= AIM OF THE EXERCISE =
From the line containing "SALT & STONE Candle / Bergamot & Hinoki 1" down to the last line of the records below, give every line again without any change.
================================
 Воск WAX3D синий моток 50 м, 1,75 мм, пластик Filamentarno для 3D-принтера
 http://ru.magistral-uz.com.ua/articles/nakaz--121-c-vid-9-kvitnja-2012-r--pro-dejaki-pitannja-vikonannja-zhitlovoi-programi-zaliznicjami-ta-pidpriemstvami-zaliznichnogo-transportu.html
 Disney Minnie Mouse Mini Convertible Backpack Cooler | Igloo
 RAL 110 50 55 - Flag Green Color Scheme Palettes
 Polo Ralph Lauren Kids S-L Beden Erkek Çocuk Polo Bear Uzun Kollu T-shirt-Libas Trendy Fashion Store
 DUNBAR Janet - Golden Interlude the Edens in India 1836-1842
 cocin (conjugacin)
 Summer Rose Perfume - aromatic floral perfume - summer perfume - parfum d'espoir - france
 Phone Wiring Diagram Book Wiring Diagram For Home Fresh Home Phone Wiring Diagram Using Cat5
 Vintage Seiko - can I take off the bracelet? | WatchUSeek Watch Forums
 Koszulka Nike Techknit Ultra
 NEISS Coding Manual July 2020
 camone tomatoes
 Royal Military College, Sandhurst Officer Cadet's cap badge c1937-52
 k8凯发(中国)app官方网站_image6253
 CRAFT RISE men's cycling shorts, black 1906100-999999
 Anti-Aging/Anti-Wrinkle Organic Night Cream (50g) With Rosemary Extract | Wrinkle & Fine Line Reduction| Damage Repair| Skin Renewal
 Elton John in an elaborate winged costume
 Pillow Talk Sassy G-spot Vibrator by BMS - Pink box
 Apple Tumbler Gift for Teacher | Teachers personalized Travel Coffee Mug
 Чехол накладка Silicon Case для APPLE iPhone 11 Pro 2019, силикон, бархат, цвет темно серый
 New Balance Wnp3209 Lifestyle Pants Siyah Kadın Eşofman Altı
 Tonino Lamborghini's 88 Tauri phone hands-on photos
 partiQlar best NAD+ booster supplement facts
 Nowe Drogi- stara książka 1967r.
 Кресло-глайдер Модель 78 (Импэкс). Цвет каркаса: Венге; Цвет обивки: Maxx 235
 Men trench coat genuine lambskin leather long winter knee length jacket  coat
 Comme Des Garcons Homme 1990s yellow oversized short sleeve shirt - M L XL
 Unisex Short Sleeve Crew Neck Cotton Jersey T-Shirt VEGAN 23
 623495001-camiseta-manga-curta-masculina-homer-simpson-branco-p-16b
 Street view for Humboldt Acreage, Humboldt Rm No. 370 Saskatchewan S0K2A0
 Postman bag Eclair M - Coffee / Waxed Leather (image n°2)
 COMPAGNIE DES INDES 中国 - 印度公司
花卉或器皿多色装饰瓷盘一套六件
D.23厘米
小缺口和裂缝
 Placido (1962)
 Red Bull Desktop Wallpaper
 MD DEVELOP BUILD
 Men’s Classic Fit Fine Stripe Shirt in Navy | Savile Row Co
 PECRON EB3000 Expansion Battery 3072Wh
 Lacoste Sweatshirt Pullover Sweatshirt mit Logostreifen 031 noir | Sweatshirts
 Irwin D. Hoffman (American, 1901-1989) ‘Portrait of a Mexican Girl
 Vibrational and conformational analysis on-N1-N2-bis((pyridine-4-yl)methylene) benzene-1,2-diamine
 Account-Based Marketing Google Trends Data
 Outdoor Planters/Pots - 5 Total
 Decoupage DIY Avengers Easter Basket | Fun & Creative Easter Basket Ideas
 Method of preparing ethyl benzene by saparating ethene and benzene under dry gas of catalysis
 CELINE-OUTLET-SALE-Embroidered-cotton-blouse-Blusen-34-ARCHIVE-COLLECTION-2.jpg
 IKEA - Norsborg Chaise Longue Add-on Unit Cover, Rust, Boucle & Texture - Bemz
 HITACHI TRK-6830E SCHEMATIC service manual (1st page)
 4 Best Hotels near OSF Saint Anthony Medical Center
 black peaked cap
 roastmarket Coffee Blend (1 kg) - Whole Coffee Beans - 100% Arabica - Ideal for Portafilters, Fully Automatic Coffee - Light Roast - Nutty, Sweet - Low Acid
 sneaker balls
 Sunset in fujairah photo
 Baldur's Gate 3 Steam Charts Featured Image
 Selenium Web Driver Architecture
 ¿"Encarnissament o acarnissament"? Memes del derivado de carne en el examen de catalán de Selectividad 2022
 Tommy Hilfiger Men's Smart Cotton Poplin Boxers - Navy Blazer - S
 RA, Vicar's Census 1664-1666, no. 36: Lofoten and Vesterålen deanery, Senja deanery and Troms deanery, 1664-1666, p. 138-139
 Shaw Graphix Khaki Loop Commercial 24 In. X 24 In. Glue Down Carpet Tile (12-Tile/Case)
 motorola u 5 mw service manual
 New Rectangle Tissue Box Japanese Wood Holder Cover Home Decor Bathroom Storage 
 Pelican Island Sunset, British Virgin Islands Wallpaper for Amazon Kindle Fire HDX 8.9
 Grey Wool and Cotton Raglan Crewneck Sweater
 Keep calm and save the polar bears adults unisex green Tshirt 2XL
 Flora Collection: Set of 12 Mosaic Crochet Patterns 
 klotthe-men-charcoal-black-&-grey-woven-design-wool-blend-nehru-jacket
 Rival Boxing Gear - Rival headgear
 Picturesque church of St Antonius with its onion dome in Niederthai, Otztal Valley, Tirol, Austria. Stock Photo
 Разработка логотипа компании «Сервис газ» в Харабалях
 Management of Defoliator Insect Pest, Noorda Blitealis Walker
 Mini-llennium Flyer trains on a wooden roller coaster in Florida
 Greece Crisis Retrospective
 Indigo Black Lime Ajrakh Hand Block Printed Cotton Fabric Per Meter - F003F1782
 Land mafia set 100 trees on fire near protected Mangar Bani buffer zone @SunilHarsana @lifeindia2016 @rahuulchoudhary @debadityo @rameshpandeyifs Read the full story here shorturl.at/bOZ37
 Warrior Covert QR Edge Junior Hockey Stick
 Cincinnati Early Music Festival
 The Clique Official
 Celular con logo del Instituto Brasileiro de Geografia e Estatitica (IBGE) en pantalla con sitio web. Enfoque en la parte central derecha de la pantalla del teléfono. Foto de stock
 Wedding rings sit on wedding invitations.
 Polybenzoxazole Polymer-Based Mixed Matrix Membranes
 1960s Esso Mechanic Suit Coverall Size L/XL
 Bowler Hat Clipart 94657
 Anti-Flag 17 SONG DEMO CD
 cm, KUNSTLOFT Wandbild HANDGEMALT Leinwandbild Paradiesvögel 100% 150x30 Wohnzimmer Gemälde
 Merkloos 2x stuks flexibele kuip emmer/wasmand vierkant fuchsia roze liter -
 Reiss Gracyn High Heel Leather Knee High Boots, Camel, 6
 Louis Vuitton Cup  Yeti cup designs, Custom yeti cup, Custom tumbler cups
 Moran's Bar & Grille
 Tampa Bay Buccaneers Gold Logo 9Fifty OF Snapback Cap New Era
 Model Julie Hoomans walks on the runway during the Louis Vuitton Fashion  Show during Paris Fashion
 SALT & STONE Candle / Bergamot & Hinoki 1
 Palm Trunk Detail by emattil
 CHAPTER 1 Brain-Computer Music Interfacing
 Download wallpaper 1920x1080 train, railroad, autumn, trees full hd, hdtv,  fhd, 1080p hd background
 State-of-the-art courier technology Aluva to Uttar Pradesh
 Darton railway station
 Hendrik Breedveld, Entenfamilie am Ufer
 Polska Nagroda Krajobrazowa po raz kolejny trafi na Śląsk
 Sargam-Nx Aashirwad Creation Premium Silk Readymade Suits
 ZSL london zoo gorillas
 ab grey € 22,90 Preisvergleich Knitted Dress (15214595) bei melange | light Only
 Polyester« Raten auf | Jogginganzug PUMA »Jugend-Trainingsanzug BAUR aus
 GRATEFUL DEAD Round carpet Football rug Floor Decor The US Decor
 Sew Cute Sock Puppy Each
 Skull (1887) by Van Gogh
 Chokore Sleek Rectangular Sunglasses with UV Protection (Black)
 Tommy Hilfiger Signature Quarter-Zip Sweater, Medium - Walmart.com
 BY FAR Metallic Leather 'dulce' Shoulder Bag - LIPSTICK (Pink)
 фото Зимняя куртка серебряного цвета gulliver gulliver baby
================================
= TASK RESPONSE =
 SALT & STONE Candle / Bergamot & Hinoki 1
 Palm Trunk Detail by emattil
 CHAPTER 1 Brain-Computer Music Interfacing
 Download wallpaper 1920x1080 train, railroad, autumn, trees full hd, hdtv,  fhd, 1080p hd background
 State-of-the-art courier technology Aluva to Uttar Pradesh
 Darton railway station
 Hendrik Breedveld, Entenfamilie am Ufer
 Polska Nagroda Krajobrazowa po raz kolejny trafi na Śląsk
 Sargam-Nx Aashirwad Creation Premium Silk Readymade Suits
 ZSL london zoo gorillas
 ab grey € 22,90 Preisvergleich Knitted Dress (15214595) bei melange | light Only
 Polyester« Raten auf | Jogginganzug PUMA »Jugend-Trainingsanzug BAUR aus
 GRATEFUL DEAD Round carpet Football rug Floor Decor The US Decor
 Sew Cute Sock Puppy Each
 Skull (1887) by Van Gogh
 Chokore Sleek Rectangular Sunglasses with UV Protection (Black)
 Tommy Hilfiger Signature Quarter-Zip Sweater, Medium - Walmart.com
 BY FAR Metallic Leather 'dulce' Shoulder Bag - LIPSTICK (Pink)
 фото Зимняя куртка серебряного цвета gulliver gulliver baby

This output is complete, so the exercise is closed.